By Lunar Loops · Jun 3, 2006 · ·
  1. Lunar Loops
    Interesting article from :

    The Top 10 Things I Know About Drugs
    By Tony Newman, AlterNet. Posted June 2, 2006.

    We have to learn how to live with drugs -- because they aren't going anywhere.

    I know a lot about drugs and the drug war, both personally and professionally. Drugs have had a positive and a detrimental impact on my life. I have laughed, played and found inspiration while intoxicated. I have also struggled, fought and cried because of my addiction to drugs.
    I have spent the last six years working for an organization that is working to reform drug laws. I have read thousands of newspapers articles, had thousands of conversations and spent thousands of days thinking about drugs. What follows are the top 10 (plus one) things I have learned from my immersion with drugs and the drug war.
    1. Drugs are everywhere. Despite a $40 billion a year "war on drugs" and political speeches about a "drug-free society," our society is swimming in drugs. Cigarettes, sugar, alcohol, marijuana, Prozac, Ritalin, Viagra, steroids and caffeine. The vast majority of Americans use drugs on a regular basis. People always have and always will.

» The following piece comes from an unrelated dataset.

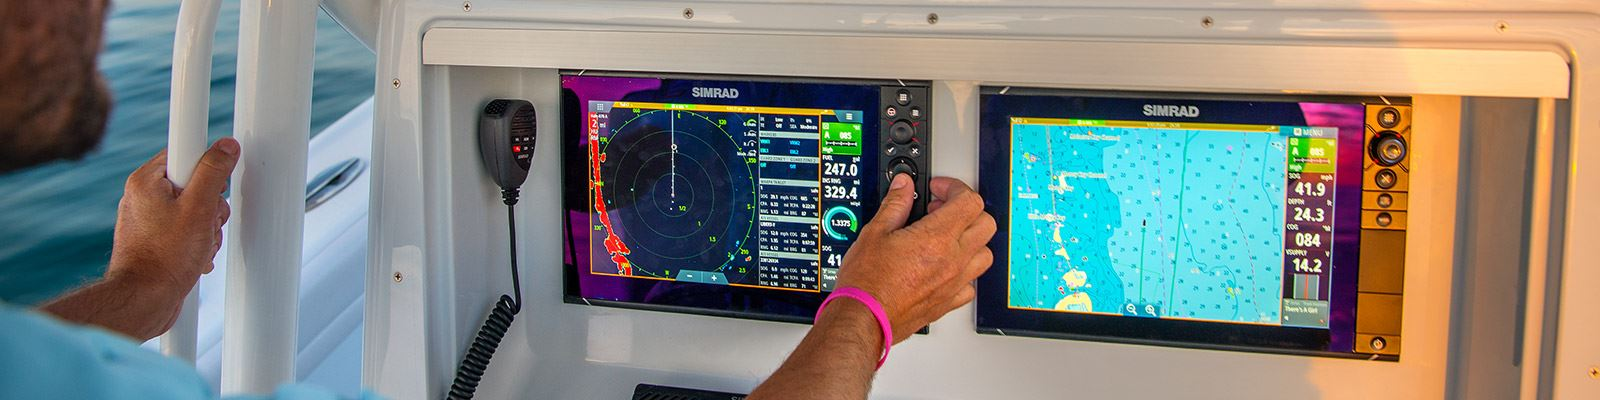 NSS12 evo3 with Insight charts & Broadband Radar | Simrad USA

    2. Different people have different relationships with different drugs. My wife is someone who can enjoy an occasional cigarette and only smokes when she drinks. I am an addict who cannot control my cigarette problem. If I have one cigarette, I will end up smoking a pack a day. Some people have serious problems with alcohol and can't enjoy even a single drink. I can handle alcohol and enjoy a drink or two some nights, leave it alone on others, and I rarely have negative experiences with it. Different strokes for different folks.

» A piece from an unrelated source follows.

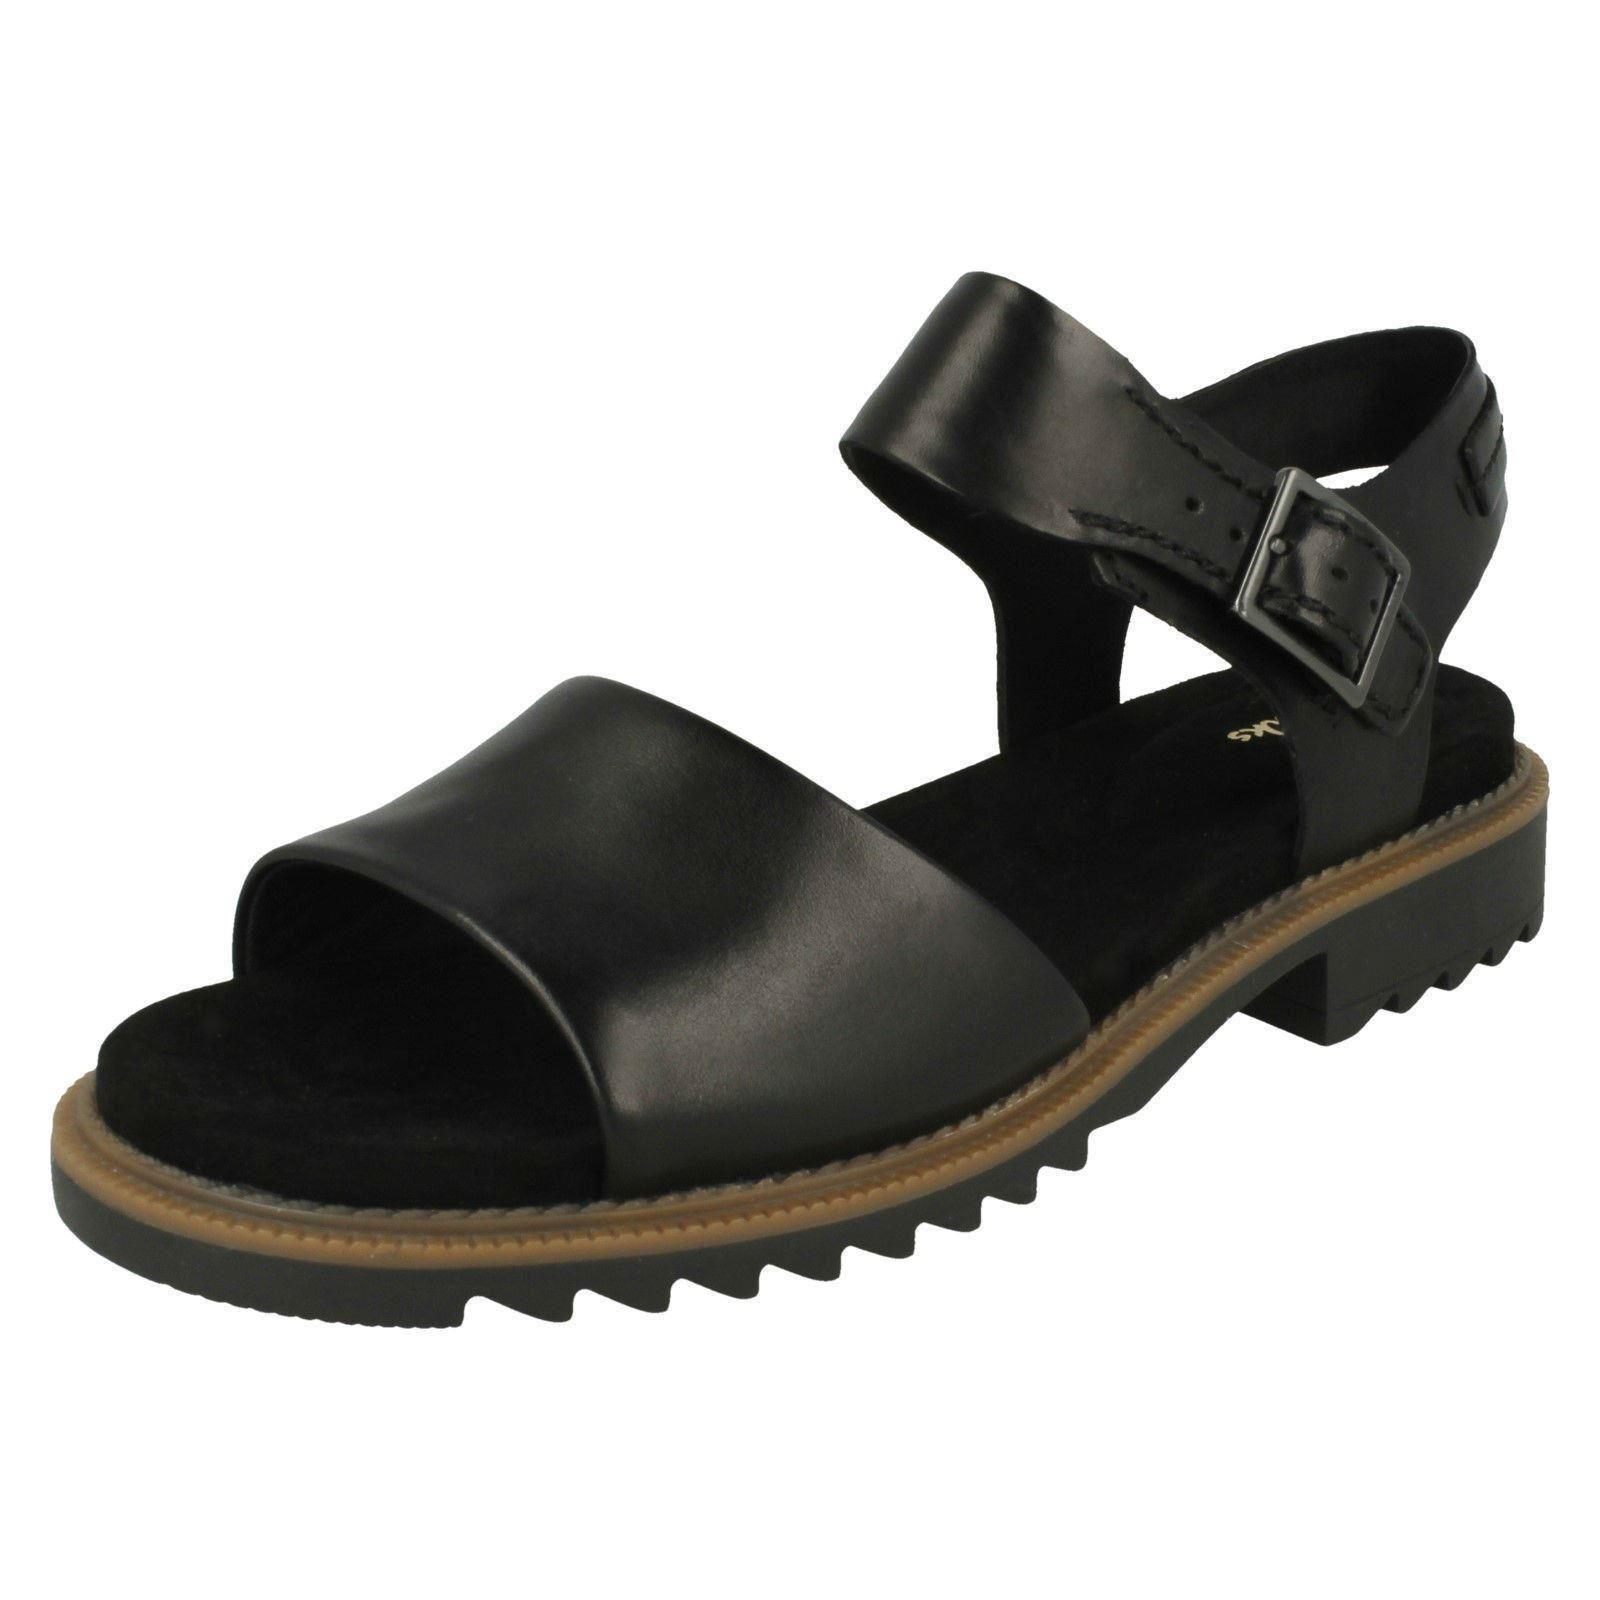 Damas Damas Damas Clarks Ferni fama de cuero negro Sandalias Informales-D MONTAJE  ¡No dudes! ¡Compra ahora!

    3. People use drugs for joy and for pain. Many people enjoy using mind- and body-altering substances. How many of us enjoy having some drinks and going out dancing? How many of us enjoy a little smoke after a nice dinner with friends? Many people bond with others or find inspiration alone while high on drugs.

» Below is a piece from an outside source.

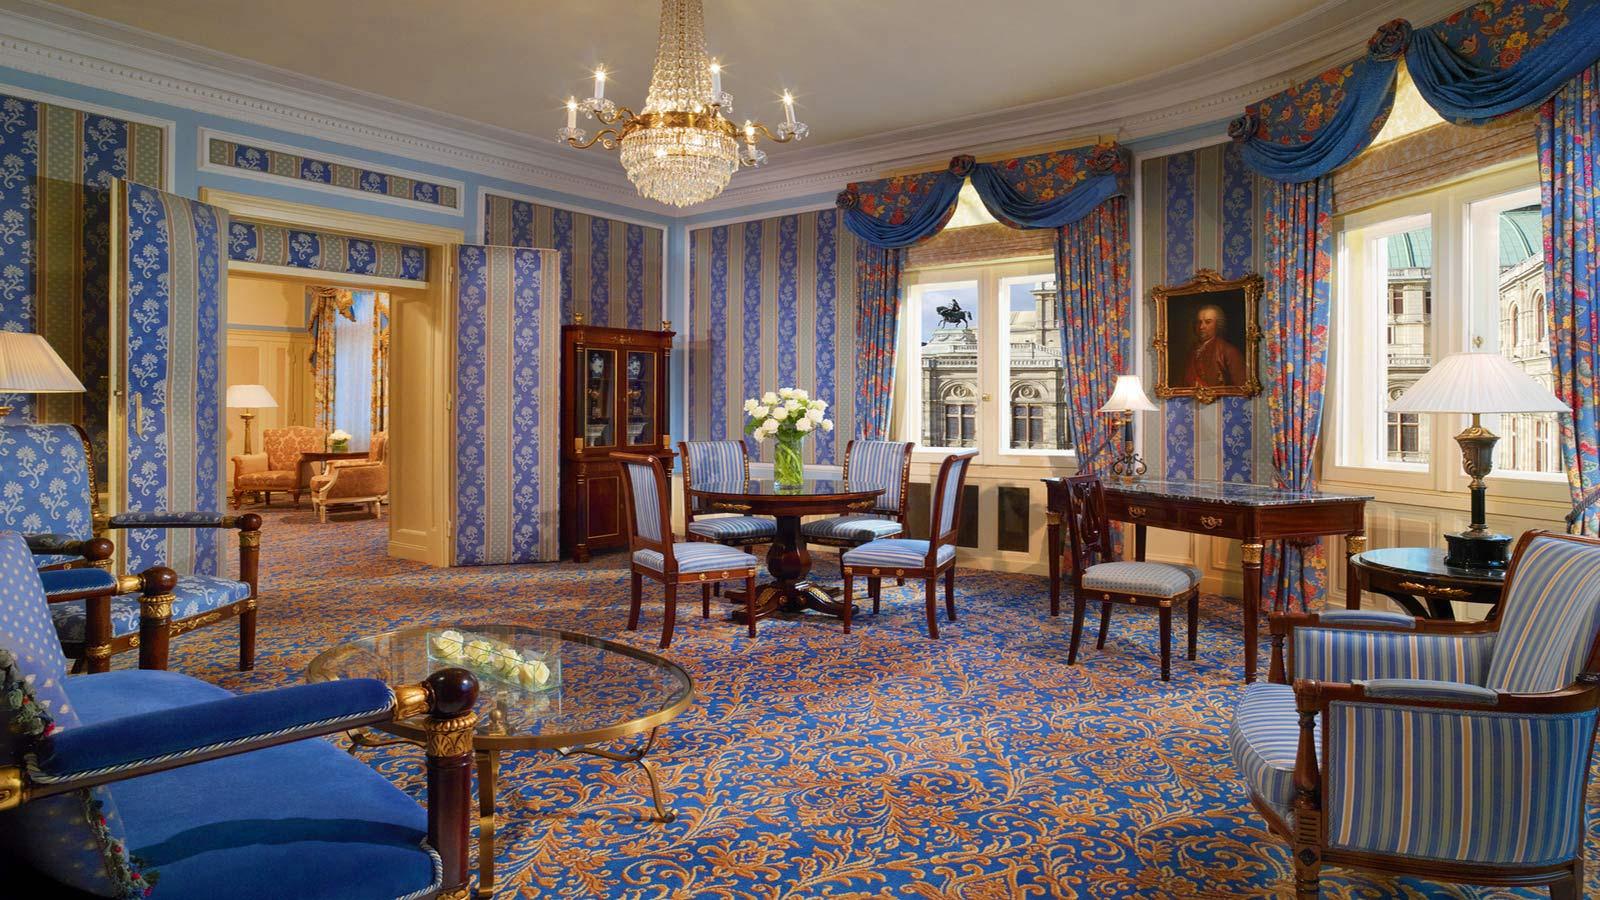 Hotel Bristol, Vienna - AspirnatSG

    On the flip side, many people self-medicate to try to ease the pain in their lives. How many have us have had too much to drink to drown our sorrows over a breakup or some other painful event? How many of us smoke cigarettes to deal with anxiety or stress?
    4. Drug abuse does not discriminate, but our drug policies do. Rush Limbaugh, Noelle Bush and Patrick Kennedy remind us that drug addiction does not discriminate. Unfortunately, our drug policies do. Ninety-three percent of the people incarcerated under New York's draconian Rockefeller drug laws are black or Latino, despite equal drug use among blacks and whites. Treatment for the privileged, jail for the poor.
    5. Relapse happens. Anyone who has tried to quit cigarettes knows that relapse happens. I have unsuccessfully tried to quit cigarettes 15 times. While we know that drug treatment is more humane and more effective than prison, it is not a silver bullet. Many people will quit, relapse and need support to quit again.
    6. Smoking five cigarettes is better than smoking 20. Using marijuana is better than using heroin. Many well-intentioned people think drugs are terrible and abstinence is always the answer. I believe that progress can be made, even if someone continues to use drugs. My 70-year-old landlord is a pack-a-day smoker. After some serious health problems, he is now down to smoking two cigarettes a day. This is progress. Some people who have struggled with heroin have been able to quit heroin, but still use marijuana. Our criminal justice system and many in the abstinence-only treatment world would view this as a failure and send the marijuana smoker to jail. I say congrats on giving up heroin. Keep it up.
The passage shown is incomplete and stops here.